Jetzt geht gar nichts mehr.

Ich kann den Marker setzten und er wird " rot " wenn ich dann auf Speichern gehe leitet man mich zu Mitgliederkarte.

Nur der Marker erscheind nicht auf der Karte.

Gehe ich dann auf mein Eintrag ist der Marker immer noch da.

     c  :haue3 :cigar


----------



## Eugen (18. Juni 2008)

*AW: Mitgliederkarte*



			
				Frettchenfreund schrieb:
			
		

> Ich hatte mich mal in der Mitgliederkarte eingetragen und aus einem gewissen Anlass wieder gelöscht.
> 
> Jetzt habe ich es mehrmals wieder versucht mich neu einzutragen aber es geht nicht mehr.
> 
> Warum nicht?



Weil die Karte vll. beleidigt ist  
Erst eintragen, dann löschen und wieder eintragen !
nun sagt die Karte einfach nur   ,wenn der nicht weiß,was er will.


----------



## Christine (18. Juni 2008)

*AW: Mitgliederkarte*

Hi Volker,

Du musst warten, bis die technisch versierten Mods auftauchen - ich bin mir ziemlich sicher, dass deren Namen mit "J" anfangen...

 an alle
Elschen


----------



## geecebird (18. Juni 2008)

*AW: Mitgliederkarte*

Hast du denn auch diesen Link genutzt?

https://www.hobby-gartenteich.de/forum/vbgooglemapme.php?do=addelement


----------



## Frettchenfreund (18. Juni 2008)

*AW: Mitgliederkarte*

 @ Eugen

 Ich dacht wie sind Freunde geworden!  

@ Elschen

Danke für den Tip, Du bist eine *echte* Freundin    


.


----------



## Eugen (18. Juni 2008)

*AW: Mitgliederkarte*

@ Volker

wir schon  

aber, bin ich die Mitgliederkarte  

ich bin doch nur ein "fehlbesetzter" Mod.


----------



## Frettchenfreund (18. Juni 2008)

*AW: Mitgliederkarte*

Hallo Eugen
Hallo Sven

@ Eugen

Du hast ja Recht, Du bist nicht Mitgliederkarte.  

@ Sven

Habe ich doch alles gemacht.

Wenn ich dann auf Speichern gehe leitet er mich zur Karte und dann íst da kein Marker zu sehen.


----------



## Christine (18. Juni 2008)

*AW: Mitgliederkarte*



			
				Eugen schrieb:
			
		

> ich bin doch nur ein "fehlbesetzter" Mod.



Och Eugen, 

nun mal nicht übertreiben mit der Selbstkritik - da gibt es ganz andere Foren, die sind viel schlimmer fehlbesetzt. 
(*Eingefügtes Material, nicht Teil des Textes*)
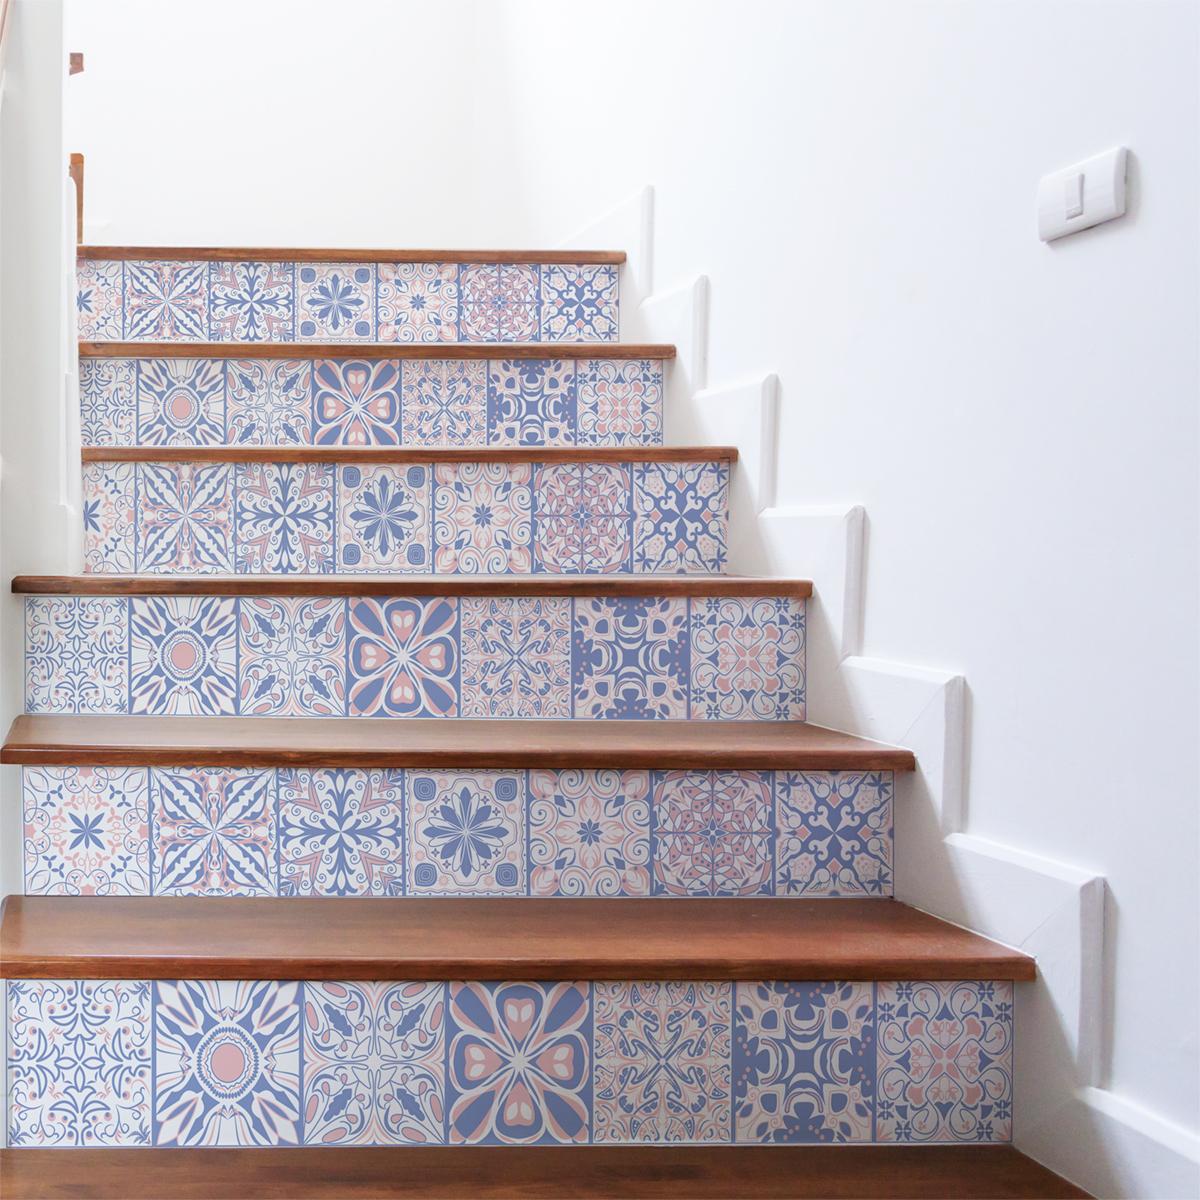 stickers contremarche bleu d 39 orient x 2 stickers carrelage stickers carrelage escalier. Black Bedroom Furniture Sets. Home Design Ideas

Da hab ich doch lieber jemanden wie Dich, der seine Wissenslücken mit Humor füllt.

 
Elschen


----------



## Annett (18. Juni 2008)

*AW: Mitgliederkarte*

Hallo Volker,

schaust Du bitte mal nach, ob Du jetzt drin bist?!
Einfach in die entsprechende Gegend reinzoomen. 

Sollte es fkt. - Joachim hat dran geschraubt, nicht ich.


----------



## Joachim (18. Juni 2008)

*AW: Mitgliederkarte*

... und wenns doch noch nicht klappt, ist natürlich Annett schuld.


----------



## Frettchenfreund (19. Juni 2008)

*AW: Mitgliederkarte*

 :freu 

Hallo und guten Morgen!

@ Annett
@ Joachim

Ich bin ja schon drin!

Danke      

@ Eugen

Du bist aber auch gut ........ in Echt  und bekommst auch ein paar  von mir.


----------